Looking ahead, states’ ability to make longer-term systemic changes and investments to expand access to HCBS is likely to be affected by whether the permanent increase in federal Medicaid matching funds for HCBS, as contained in the BBBA Act as passed by the House, ultimately becomes law. BBBA not only provides additional funding, without an expiration date, but also encourages states to assess their HCBS programs more holistically, moving away from a siloed focus on specific populations. This year’s HCBS state policy survey not only provides a snapshot of policies in place during the pandemic but also can serve as a baseline from which to measure changes in state policies in light of new federal funds available through the APRA and (if passed) the BBBA and in response to the increased focus on HCBS instead of institutional care due to the pandemic.

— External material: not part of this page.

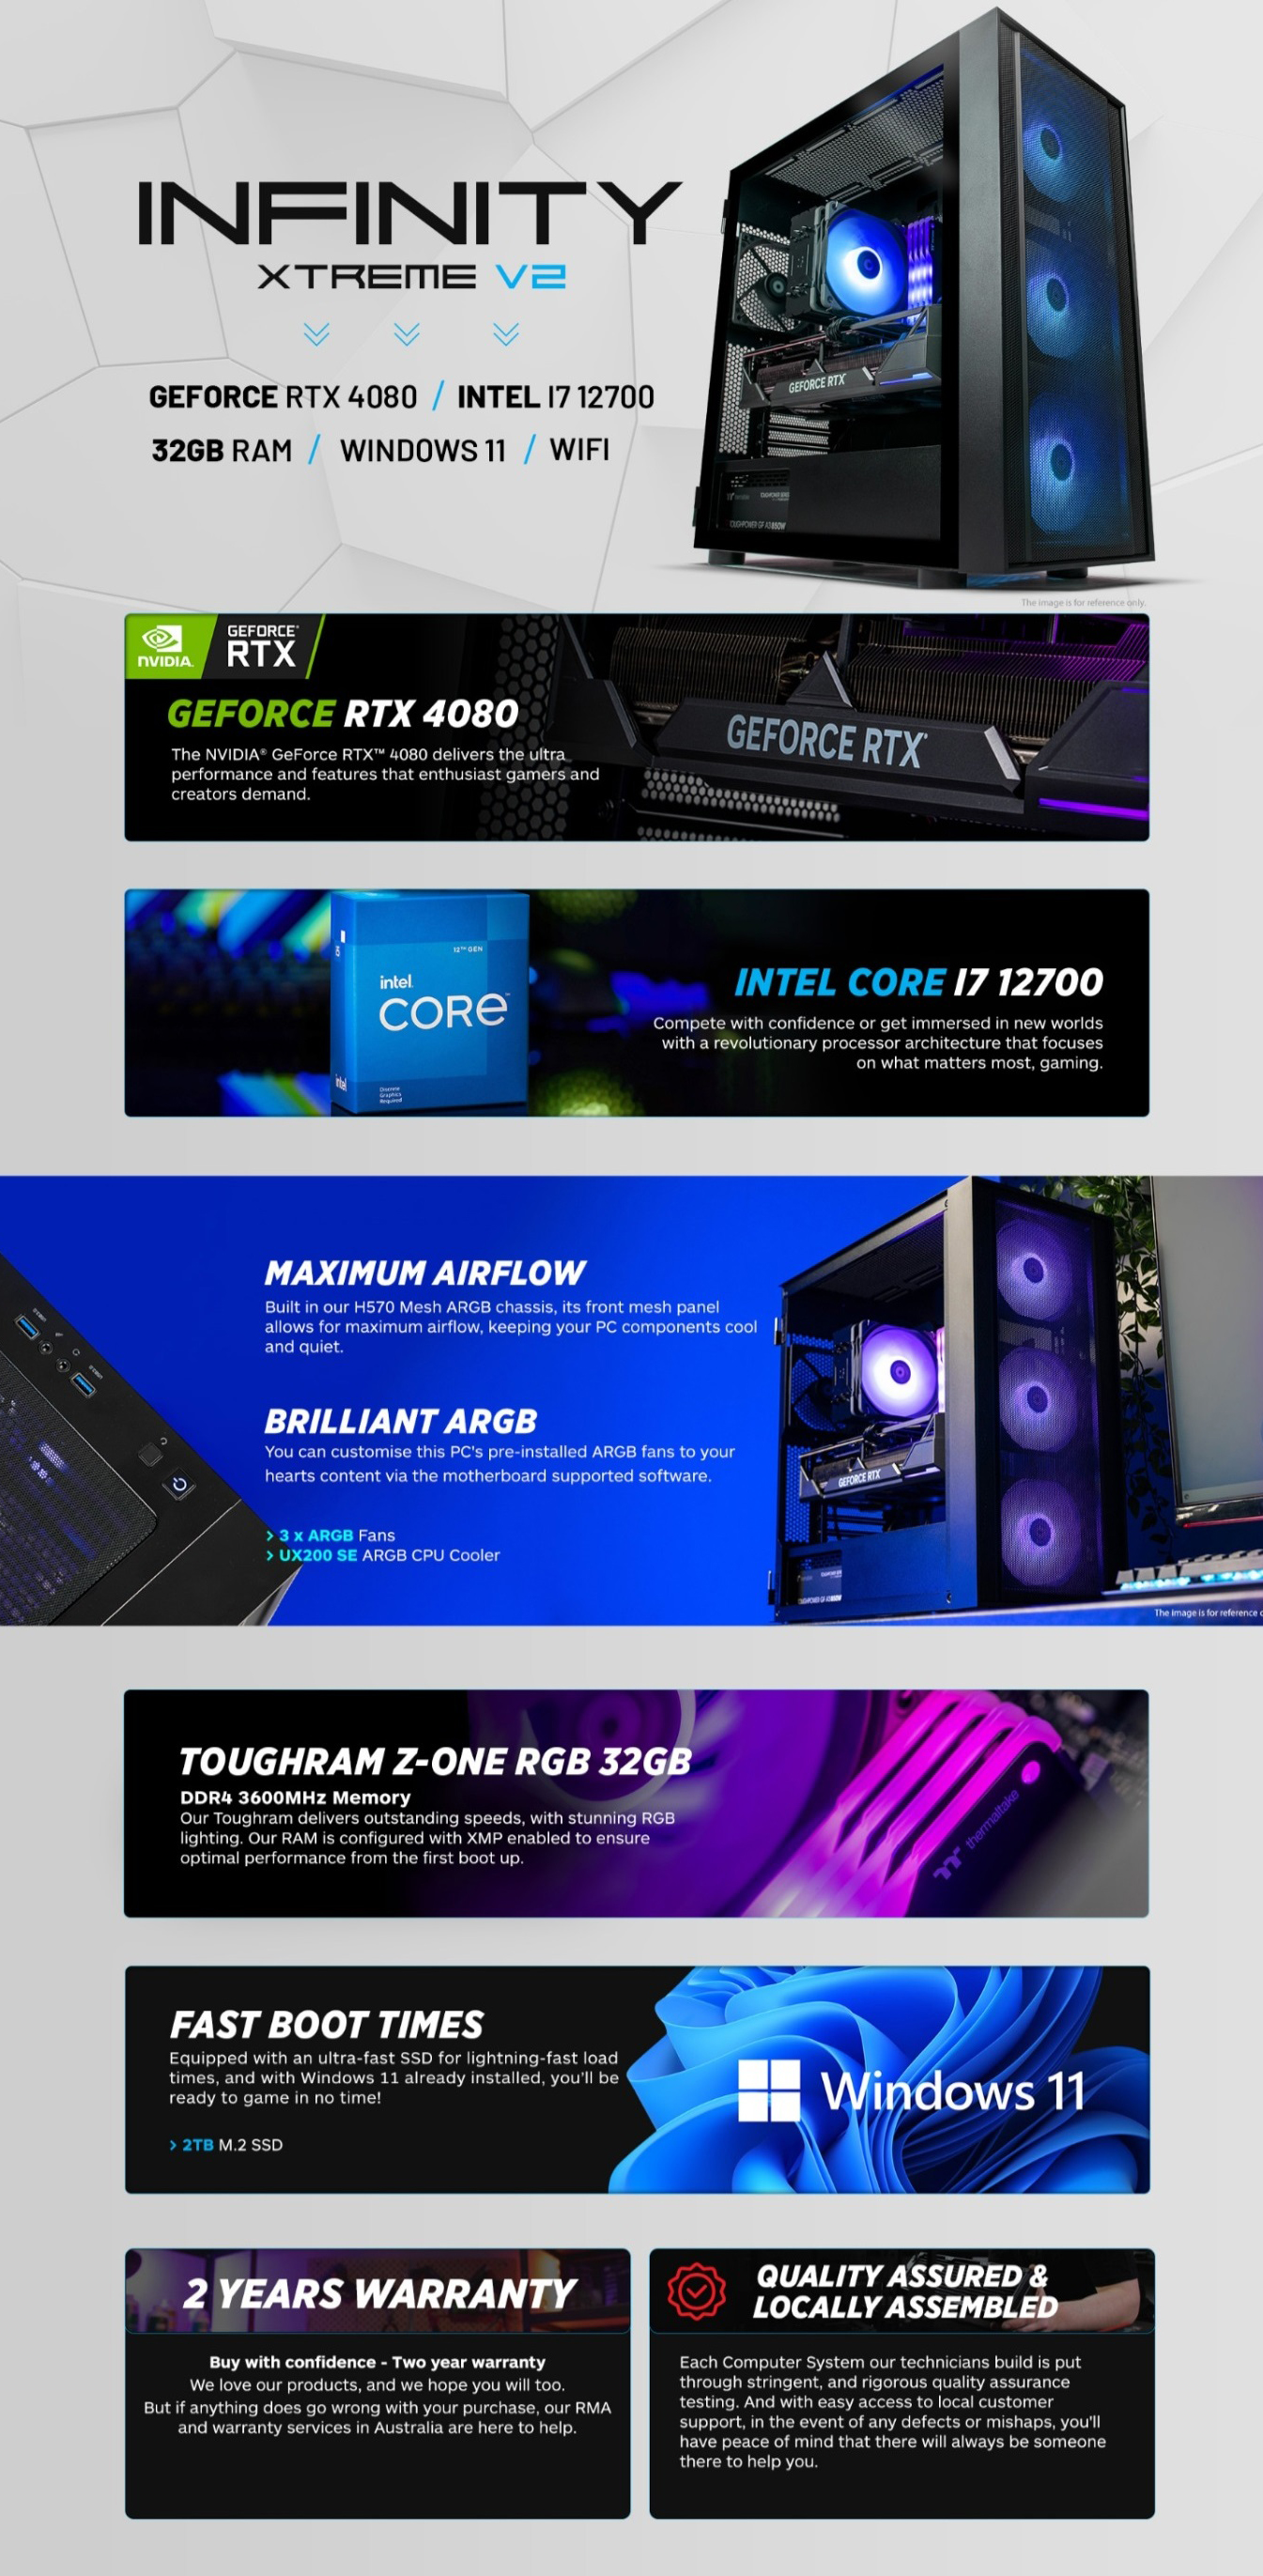 Branded-Gaming-PCs-Thermaltake-Infinity-Xtreme-V2-i7-12700KF-RTX-4080-2TB-SSD-32GB-RAM-W11H-Gaming-PC-CA-4J1-00D1WA-A0-6

It will be important to understand how states use new federal funds to expand who is eligible for HCBS and which services are provided, as well as how the new funds may affect states’ and providers’ capacity to deliver services, and the extent to which new funds bolster the direct care workforce through increased payments. If passed, BBBA would make a significant investment in HCBS, which could help states address long-standing needs that were highlighted by the pandemic. States that choose to accept the new BBBA funds would have to identify HCBS access barriers and unmet needs to address with the new funds. To the extent that barriers may differ among states, states’ responses to address those barriers also may differ. Additionally, states are starting in different places in terms of the breadth of their existing HCBS programs. However, BBBA also could incentivize states to move toward some national uniformity. For example, states that accept BBBA funds would have to cover personal care state plan services, provide family caregiver supports, and adopt or expand Medicaid eligibility for working people with disabilities. These initiatives could reduce existing variation in HCBS eligibility and benefits across states.